Brief: Pictures are to be left out, and only the lines from the one with "ITALO FERRETTI Brand" through the last line of the listing below are to be repeated exactly.
[[ Data below, beginning ]]
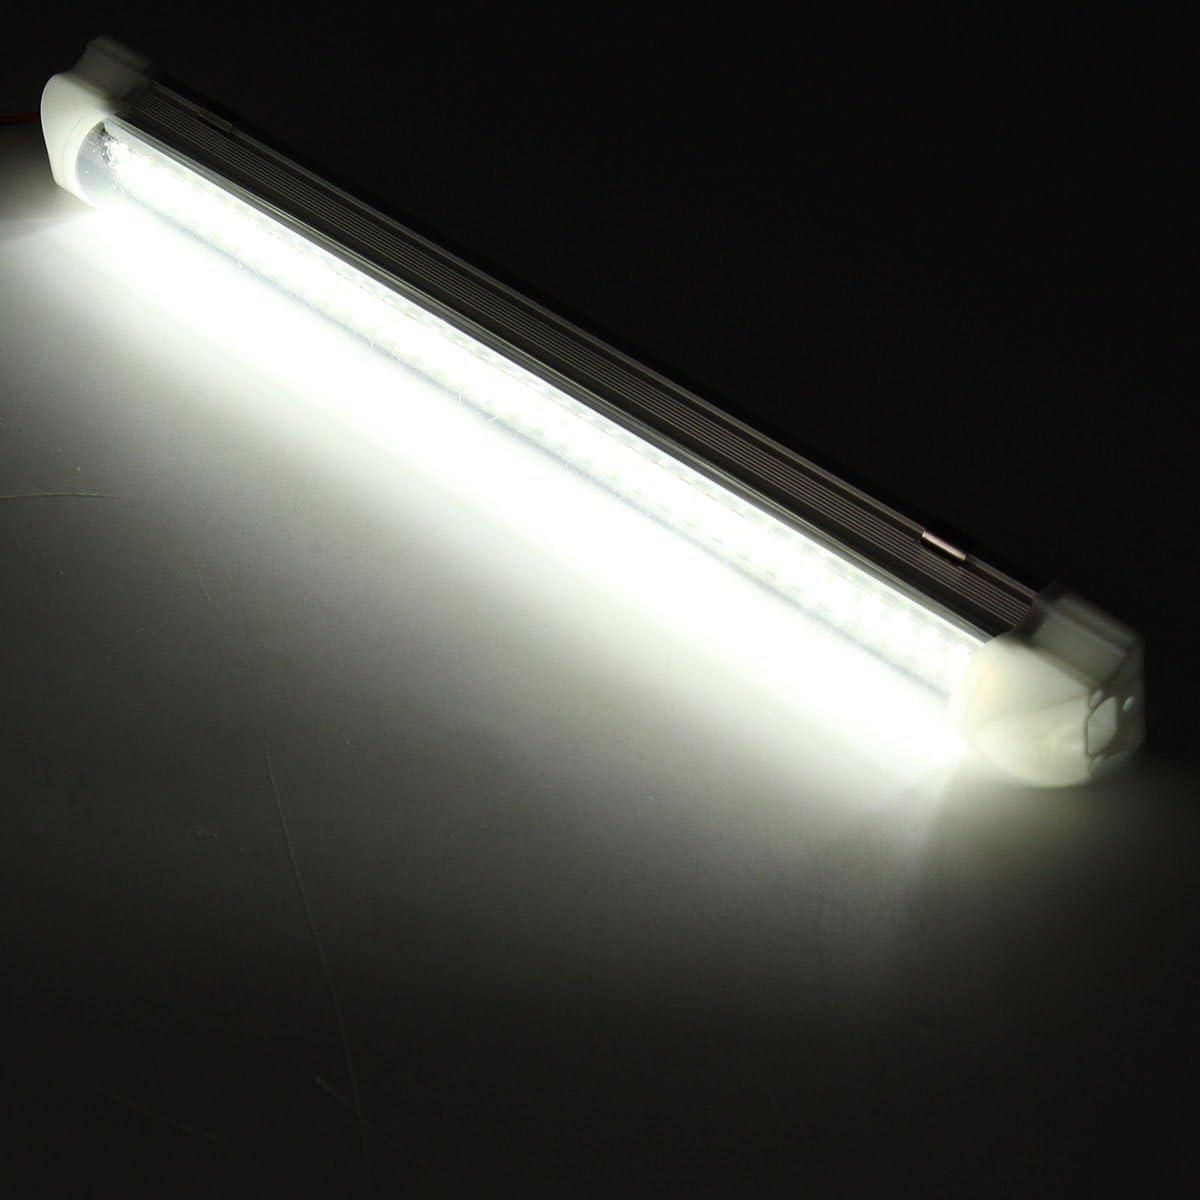 AUDEW LED 12V Interior LED Light Bar White Strip Light 340mm 12V 4.5W 72 LED Car Interior Light Strip for Van Bus Caravan with On / Off Switch (2 Pcs): Automotive
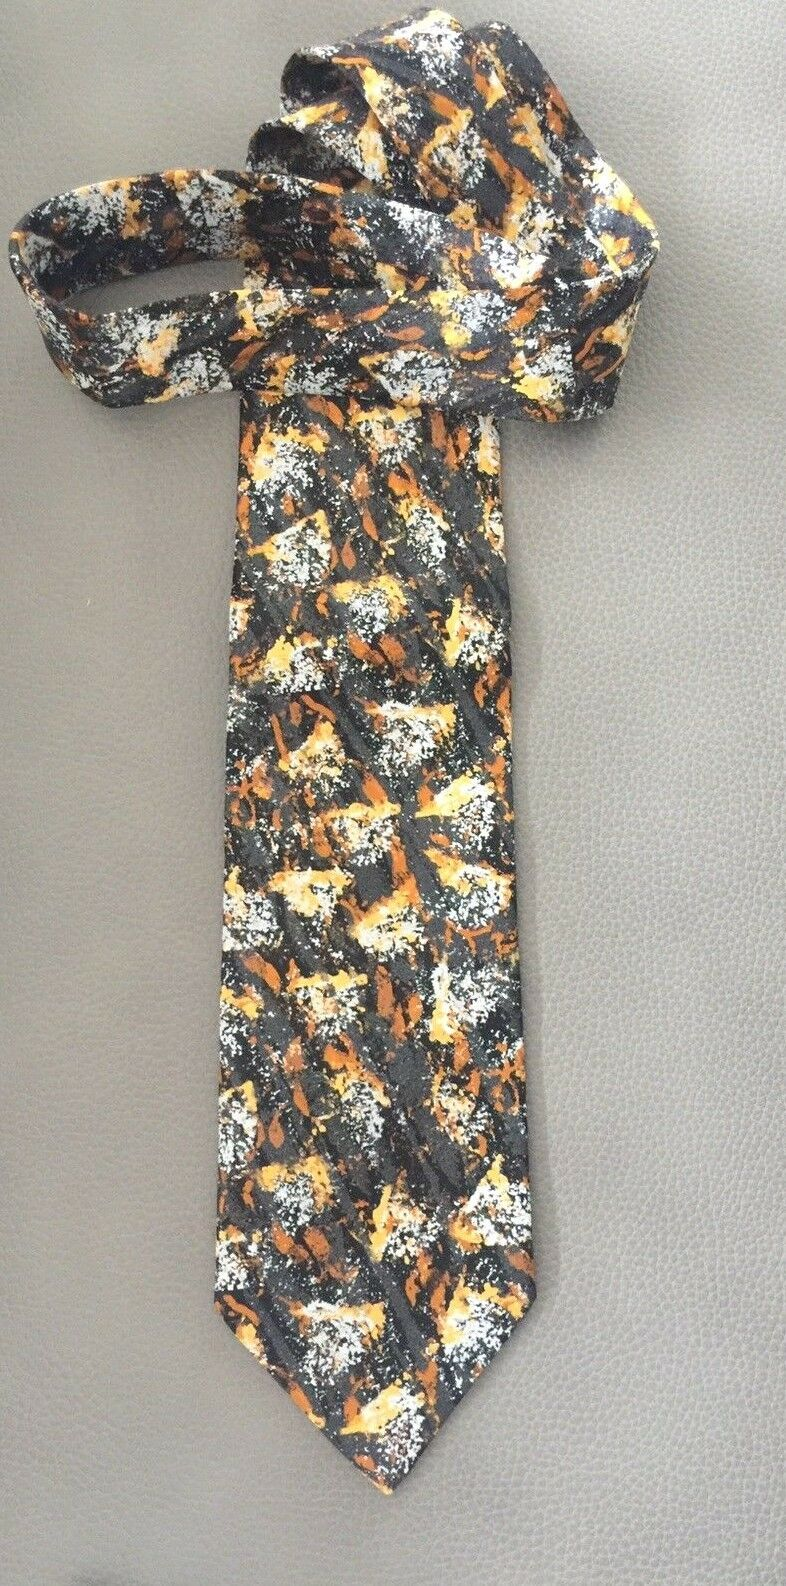 ITALO FERRETTI Brand New Set Hand Made Tie & Handkerchief Silk Boxed Good Gift !
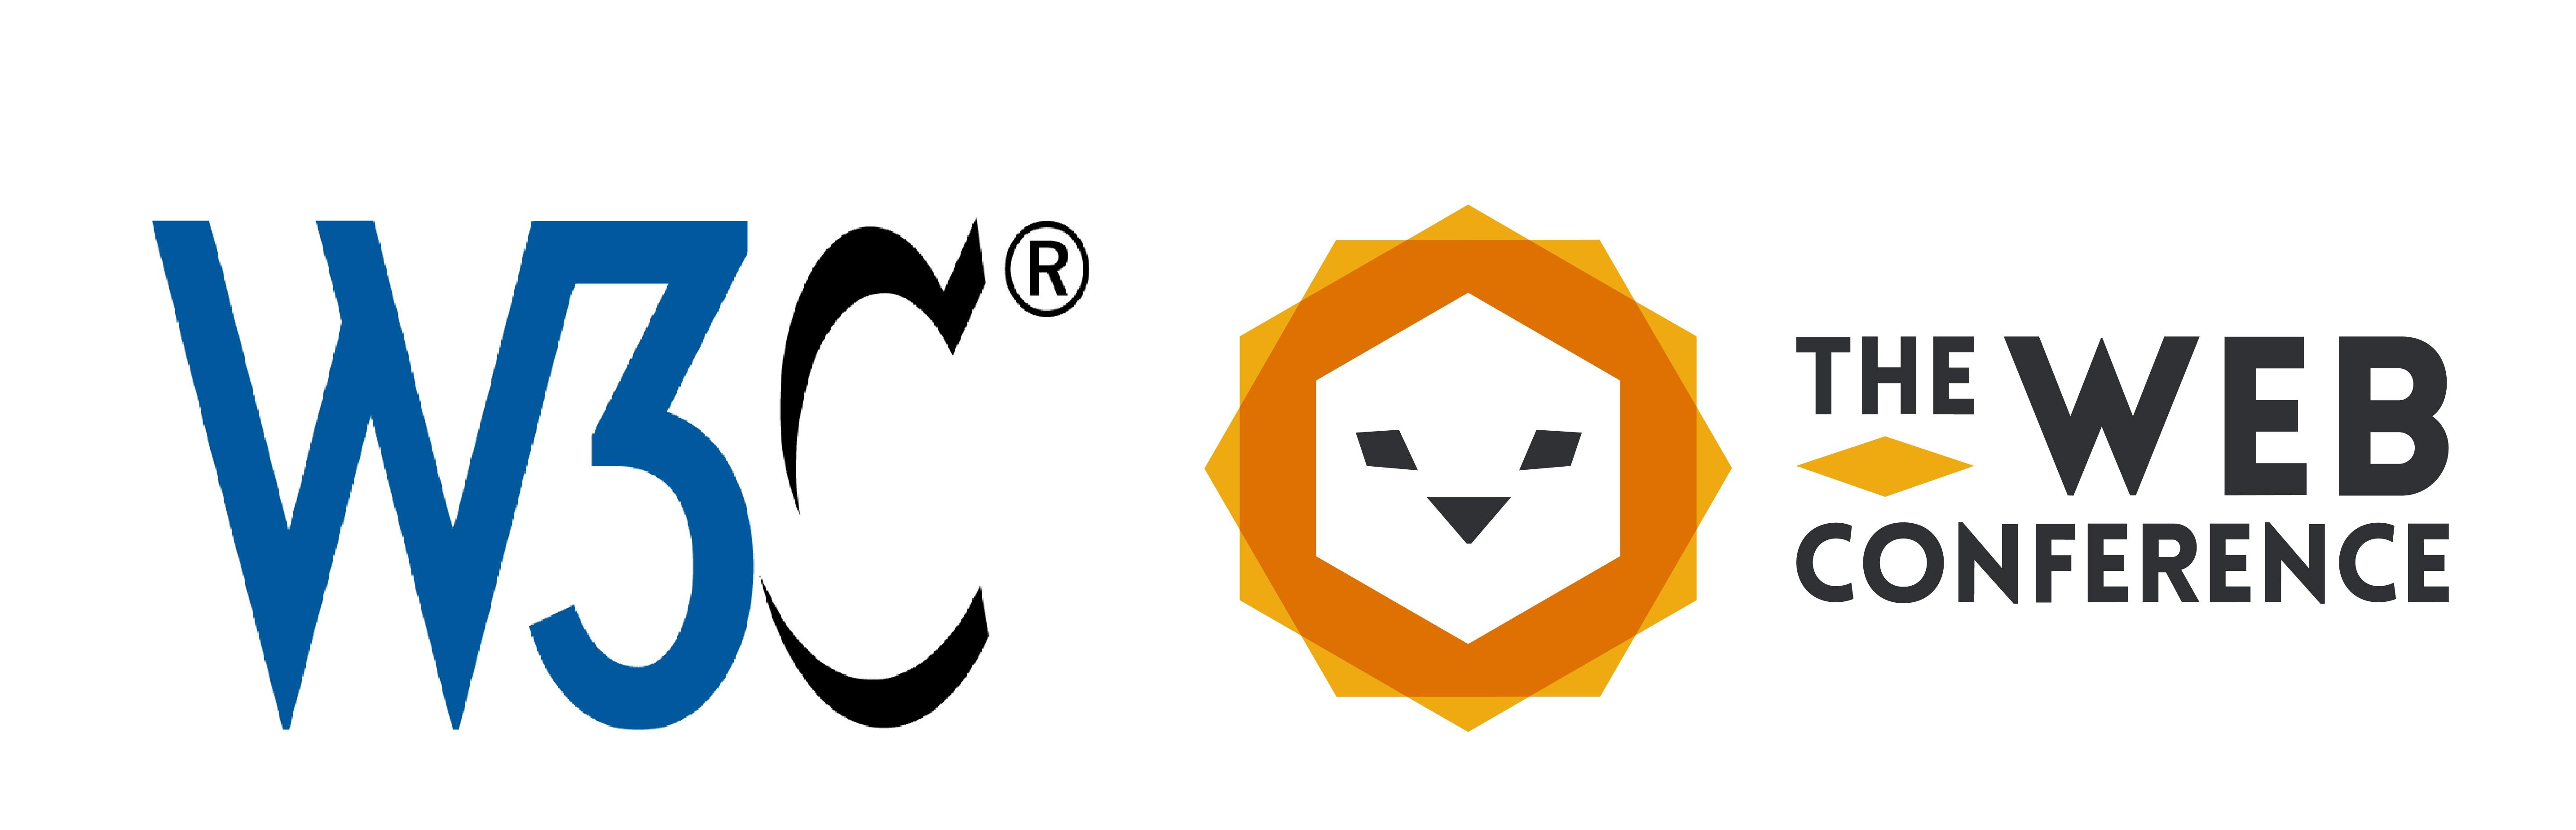 W3C & WebConf2018
[[ Data below, end ]]
Final answer:
 ITALO FERRETTI Brand New Set Hand Made Tie & Handkerchief Silk Boxed Good Gift !
 W3C & WebConf2018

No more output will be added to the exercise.